▶ **Problem requirements**: From the data below, retype exactly the lines starting with the one that contains "Apartamento de 500" and ending with the one that contains "Une paire de", both included.

▶ **Stored data entries**:
*****
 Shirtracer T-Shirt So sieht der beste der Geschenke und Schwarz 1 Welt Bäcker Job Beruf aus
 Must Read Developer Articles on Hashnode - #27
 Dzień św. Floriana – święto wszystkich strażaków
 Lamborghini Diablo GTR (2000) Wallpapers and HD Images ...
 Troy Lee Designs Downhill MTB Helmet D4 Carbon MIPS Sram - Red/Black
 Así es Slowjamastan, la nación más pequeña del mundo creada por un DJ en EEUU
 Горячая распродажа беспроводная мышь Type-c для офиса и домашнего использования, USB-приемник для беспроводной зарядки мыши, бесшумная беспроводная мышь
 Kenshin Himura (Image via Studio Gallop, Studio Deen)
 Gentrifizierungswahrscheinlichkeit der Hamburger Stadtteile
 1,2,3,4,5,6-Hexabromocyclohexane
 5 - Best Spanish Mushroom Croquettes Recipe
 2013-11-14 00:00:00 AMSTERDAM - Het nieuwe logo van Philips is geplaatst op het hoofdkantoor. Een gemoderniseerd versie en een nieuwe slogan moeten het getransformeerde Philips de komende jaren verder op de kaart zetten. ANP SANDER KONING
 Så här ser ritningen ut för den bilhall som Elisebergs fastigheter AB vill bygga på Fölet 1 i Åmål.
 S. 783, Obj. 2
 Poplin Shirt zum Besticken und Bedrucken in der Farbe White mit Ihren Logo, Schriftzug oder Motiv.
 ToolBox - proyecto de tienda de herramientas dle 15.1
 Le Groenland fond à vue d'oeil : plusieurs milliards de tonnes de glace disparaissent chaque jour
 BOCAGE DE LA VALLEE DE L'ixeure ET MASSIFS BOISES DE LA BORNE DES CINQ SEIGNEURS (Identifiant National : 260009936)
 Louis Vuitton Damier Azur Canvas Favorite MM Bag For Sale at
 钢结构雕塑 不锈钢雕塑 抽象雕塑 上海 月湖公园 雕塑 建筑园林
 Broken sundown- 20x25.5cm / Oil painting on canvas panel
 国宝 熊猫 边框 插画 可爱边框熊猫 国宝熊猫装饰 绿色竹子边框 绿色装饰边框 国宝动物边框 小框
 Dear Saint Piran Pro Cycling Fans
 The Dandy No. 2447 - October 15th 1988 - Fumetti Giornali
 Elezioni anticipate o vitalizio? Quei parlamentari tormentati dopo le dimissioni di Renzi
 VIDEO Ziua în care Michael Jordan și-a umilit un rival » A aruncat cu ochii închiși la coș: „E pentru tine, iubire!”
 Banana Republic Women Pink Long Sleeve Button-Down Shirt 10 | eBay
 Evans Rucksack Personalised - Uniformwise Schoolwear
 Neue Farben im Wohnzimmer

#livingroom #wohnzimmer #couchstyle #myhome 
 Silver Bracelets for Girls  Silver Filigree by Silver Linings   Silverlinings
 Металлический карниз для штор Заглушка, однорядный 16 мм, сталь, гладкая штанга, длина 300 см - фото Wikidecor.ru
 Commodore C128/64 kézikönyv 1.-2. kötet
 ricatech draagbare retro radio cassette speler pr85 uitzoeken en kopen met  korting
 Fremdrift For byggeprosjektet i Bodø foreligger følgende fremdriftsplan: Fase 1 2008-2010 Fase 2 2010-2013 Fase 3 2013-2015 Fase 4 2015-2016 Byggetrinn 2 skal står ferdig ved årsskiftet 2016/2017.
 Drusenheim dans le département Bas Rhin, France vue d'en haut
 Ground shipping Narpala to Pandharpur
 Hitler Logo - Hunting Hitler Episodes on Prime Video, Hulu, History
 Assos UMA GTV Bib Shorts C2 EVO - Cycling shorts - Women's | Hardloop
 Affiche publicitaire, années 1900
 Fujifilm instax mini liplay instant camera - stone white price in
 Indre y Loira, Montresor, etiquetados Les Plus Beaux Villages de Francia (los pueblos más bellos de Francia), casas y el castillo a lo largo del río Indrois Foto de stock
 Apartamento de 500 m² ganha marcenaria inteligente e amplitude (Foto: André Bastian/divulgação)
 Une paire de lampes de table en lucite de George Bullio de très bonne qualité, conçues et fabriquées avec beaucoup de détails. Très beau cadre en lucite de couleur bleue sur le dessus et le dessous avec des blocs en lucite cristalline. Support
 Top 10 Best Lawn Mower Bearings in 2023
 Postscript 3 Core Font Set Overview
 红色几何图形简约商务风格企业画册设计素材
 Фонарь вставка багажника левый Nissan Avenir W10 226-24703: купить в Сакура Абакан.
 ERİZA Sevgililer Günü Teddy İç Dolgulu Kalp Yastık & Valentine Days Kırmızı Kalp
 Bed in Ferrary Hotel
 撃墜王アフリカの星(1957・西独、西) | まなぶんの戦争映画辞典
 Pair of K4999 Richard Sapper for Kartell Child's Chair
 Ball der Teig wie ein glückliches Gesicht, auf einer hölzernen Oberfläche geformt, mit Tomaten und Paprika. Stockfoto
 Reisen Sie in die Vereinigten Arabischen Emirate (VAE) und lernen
*****
▶ **Solution for this problem**:
 Apartamento de 500 m² ganha marcenaria inteligente e amplitude (Foto: André Bastian/divulgação)
 Une paire de lampes de table en lucite de George Bullio de très bonne qualité, conçues et fabriquées avec beaucoup de détails. Très beau cadre en lucite de couleur bleue sur le dessus et le dessous avec des blocs en lucite cristalline. Support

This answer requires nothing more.